Dans le plan gouvernemental, il n’y a donc plus d’unité de lieu ni de temps. Devant l’obligation de «vivre avec le virus», le 11 mai ne marquera pas le retour au grand air mais le début, tout en nuances de gris, d’une stratégie «progressive». Et l’ouverture d’une phase allant jusqu’au 2 juin, date à laquelle le gouvernement ajustera «les mesures à prendre dans la phase suivante», qui ira jusqu’à l’été. Rendez-vous fin mai pour savoir si les lycées (lire ci-contre), les cafés et restaurants peuvent rouvrir. Un desserrement du confinement davantage qu’un déconfinement.

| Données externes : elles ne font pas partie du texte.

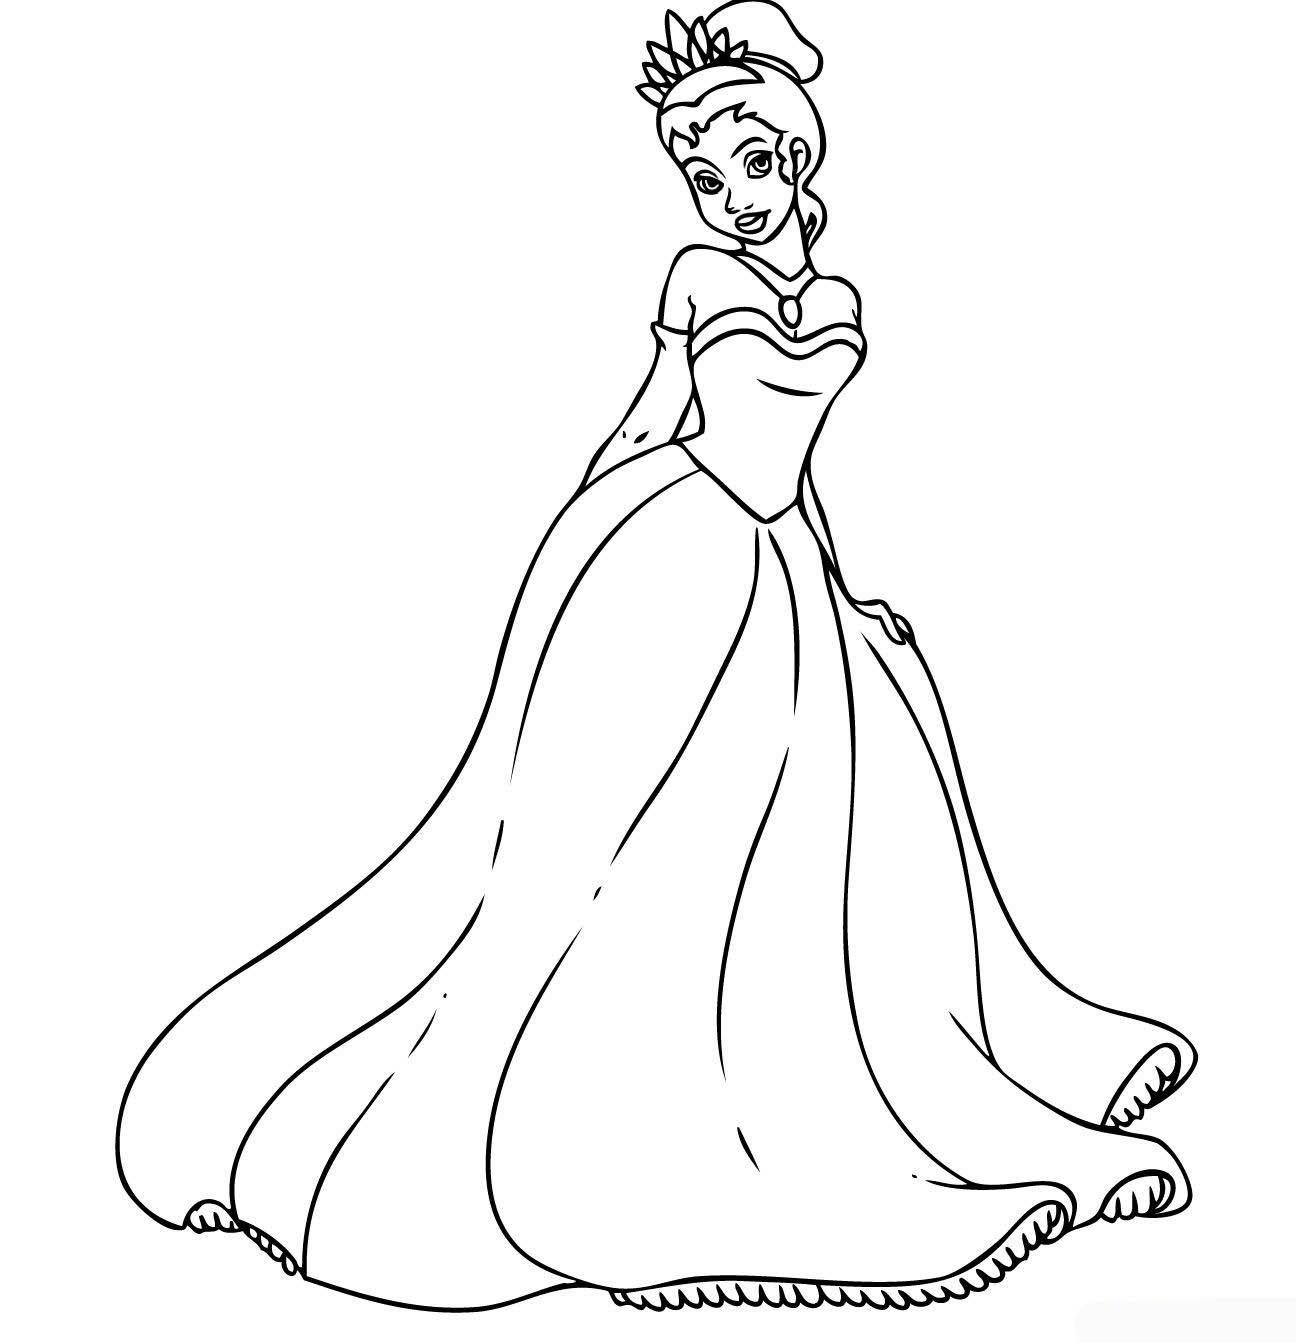 Disney princess disney princess tiana coloring pages to girls tea

«Etape nécessaire» pour préserver un maximum de vies, le confinement, s’il devait durer, «aurait des conséquences gravissimes» sur l’économie, insiste Philippe, qui pointe même le «risque de l’écroulement» : «Je n’emploie pas ce terme au hasard. On me reproche bien plus souvent la litote que l’exagération.» Tout autant à double tranchant, le déconfinement est «aussi attendu que risqué». Le voilà décrivant sa «ligne de crête», qui dit ce que doit être la longueur de ses nuits à Matignon au côté du délégué interministériel au déconfinement, Jean Castex : «Un peu trop d’insouciance et c’est l’épidémie qui repart. Un peu trop de prudence et c’est l’ensemble du pays qui s’enfonce.» Sonnant l’heure de la «reprise économique», le chef du gouvernement demande aux entreprises de maintenir le télétravail «partout où c’est possible». Après les élus locaux et les préfets mercredi, Philippe doit échanger jeudi avec les partenaires sociaux. But de la manœuvre : rien de moins que «réorganiser» la vie au travail. Son discours parle de reprise mais peu des salariés et ne fait qu’effleurer le dialogue social que certaines entreprises piétinent allégrement depuis la mi-mars.

Grommellements

A l’hémicycle qui l’écoute depuis une heure, le Premier ministre rappelle qu’il lui a réservé ses annonces, préférant l’Assemblée à une conférence de presse ou un JT. De quoi s’attirer les premiers applaudissements et grommellements des députés admis en séance. Côté face, il rend hommage à la «place éminente» du Parlement et à sa démocratie «vivante, exigeante, bruyante parfois, mais indispensable». Côté pile, il s’en prend aux «commentateurs» passés «du café du commerce à certains plateaux de télévision». «Les courbes d’audience y gagnent ce que la convivialité des bistrots y perd, mais cela ne grandit pas le débat public […]. Non. Les députés ne commentent pas. Ils votent», flatte et tacle Philippe. Vu le pataquès, le Premier ministre n’ignore pas que les membres de l’opposition et une partie de la majorité se sont rebiffés contre l’organisation chaotique de ce débat. Celui-ci les a rassurés sur un point : l’application de traçage numérique, si elle devait voir le jour, fera bien l’objet d’une discussion et d’un vote. Et le Parlement sera saisi la semaine prochaine d’un projet de loi prolongeant l’état d’urgence sanitaire jusqu’au 23 juillet. Celui qui joue son va-tout politique avec le déconfinement termine le discours le plus compliqué de sa carrière en regardant dans le rétroviseur. Le moment lui rappelle sa déclaration de politique générale, en juillet 2017. Il avait alors vanté «l’antique qualité» des généraux romains : «La vertu, qui mêle la rectitude, l’honnêteté et le courage. J’étais loin d’imaginer combien cette qualité serait essentielle pour préparer notre avenir.» Un autoportrait tout en humilité.